Instructions to follow
Copy out the data exactly as it appears, without a single image.

Recorded information
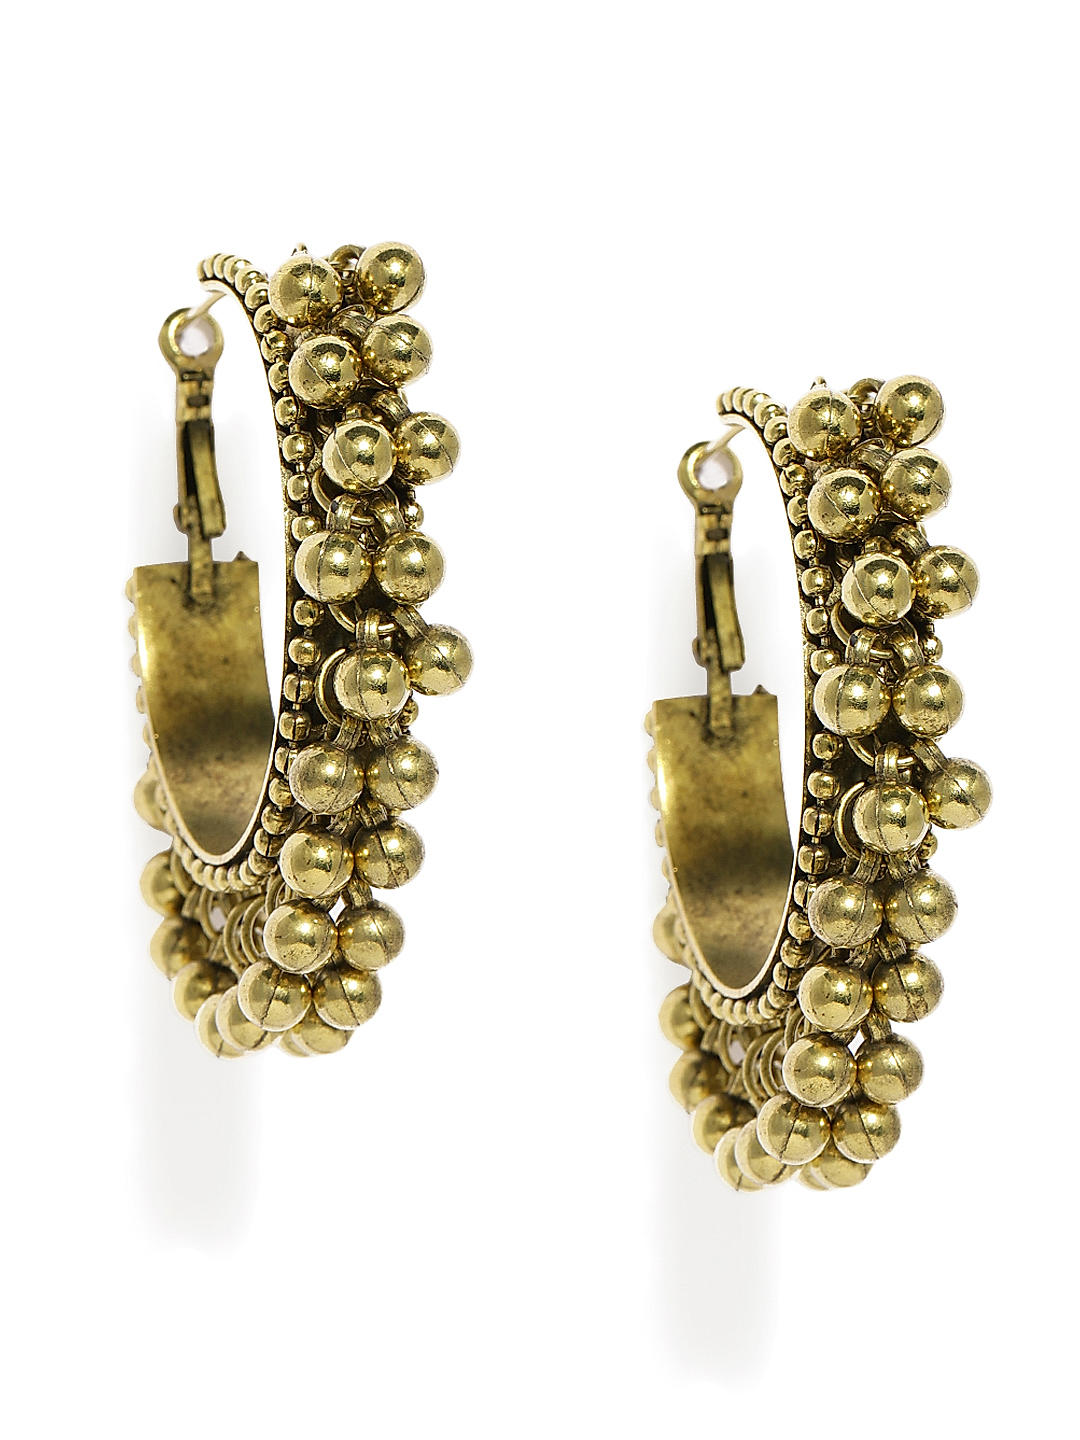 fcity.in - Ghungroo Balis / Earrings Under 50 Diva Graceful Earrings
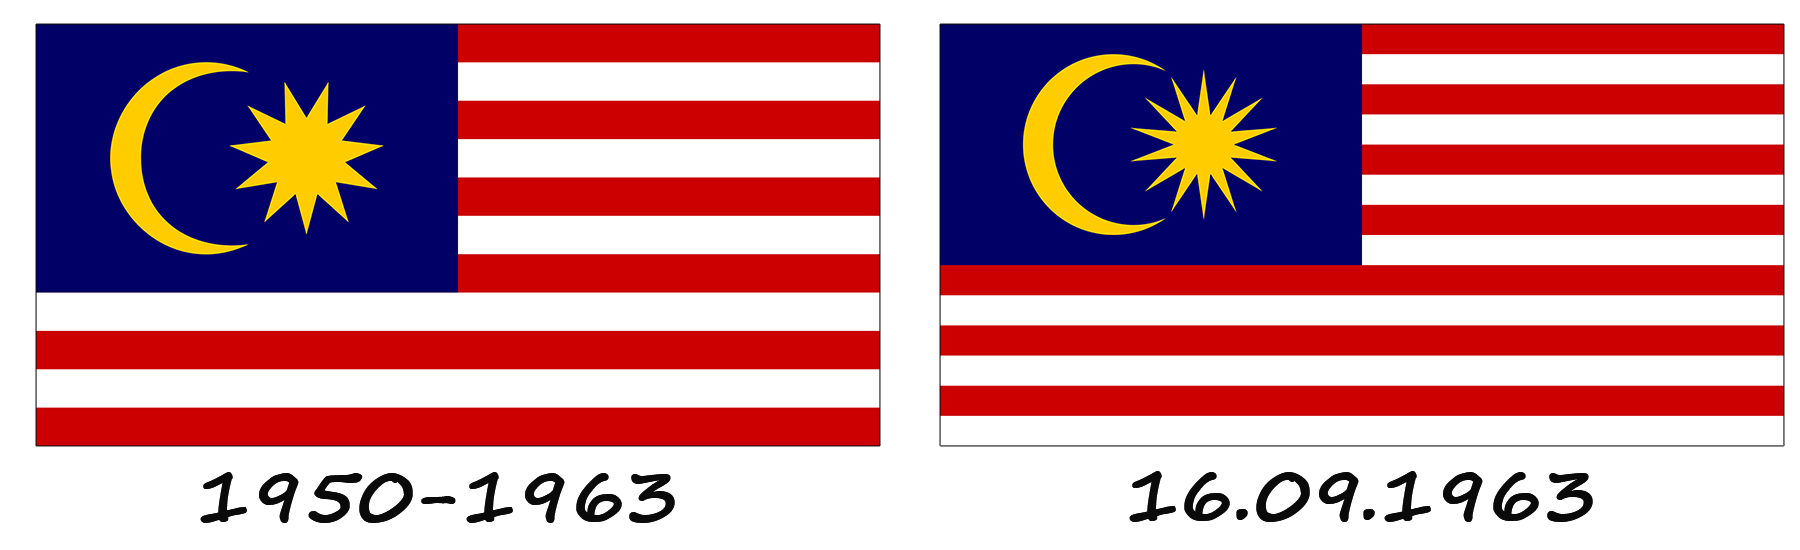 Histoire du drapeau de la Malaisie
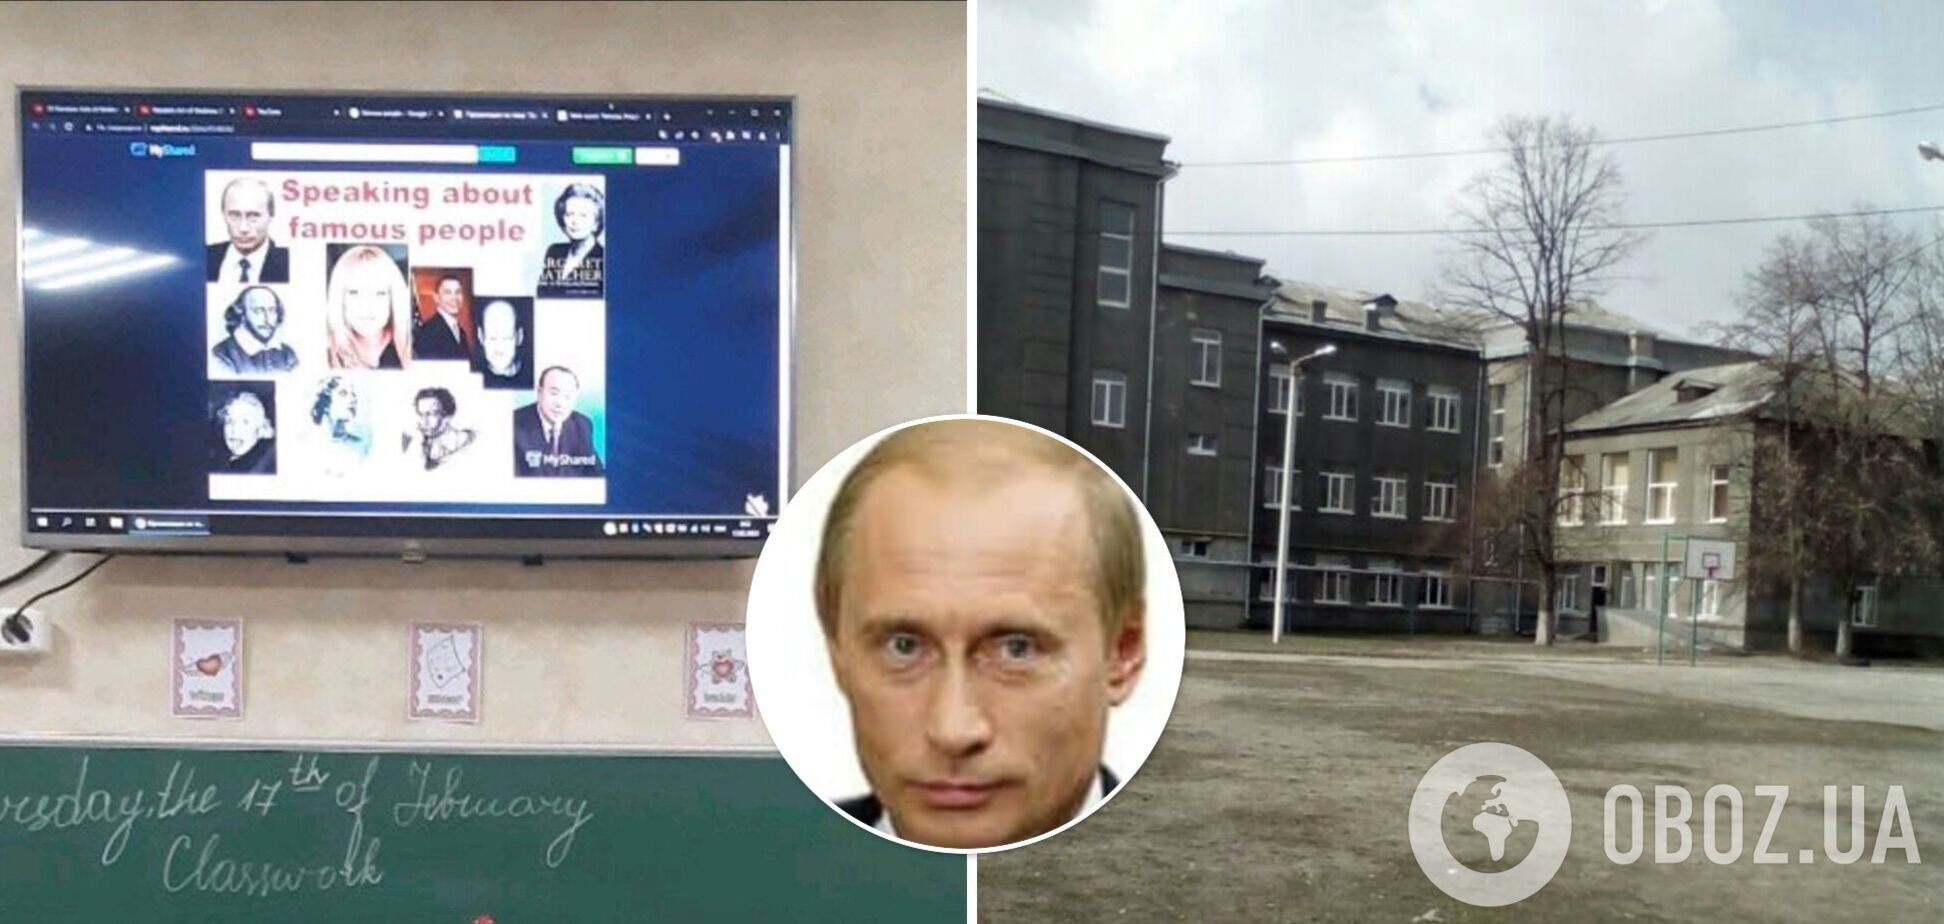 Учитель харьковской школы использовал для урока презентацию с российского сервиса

Solution to this task
 fcity.in - Ghungroo Balis / Earrings Under 50 Diva Graceful Earrings
 Histoire du drapeau de la Malaisie
 Учитель харьковской школы использовал для урока презентацию с российского сервиса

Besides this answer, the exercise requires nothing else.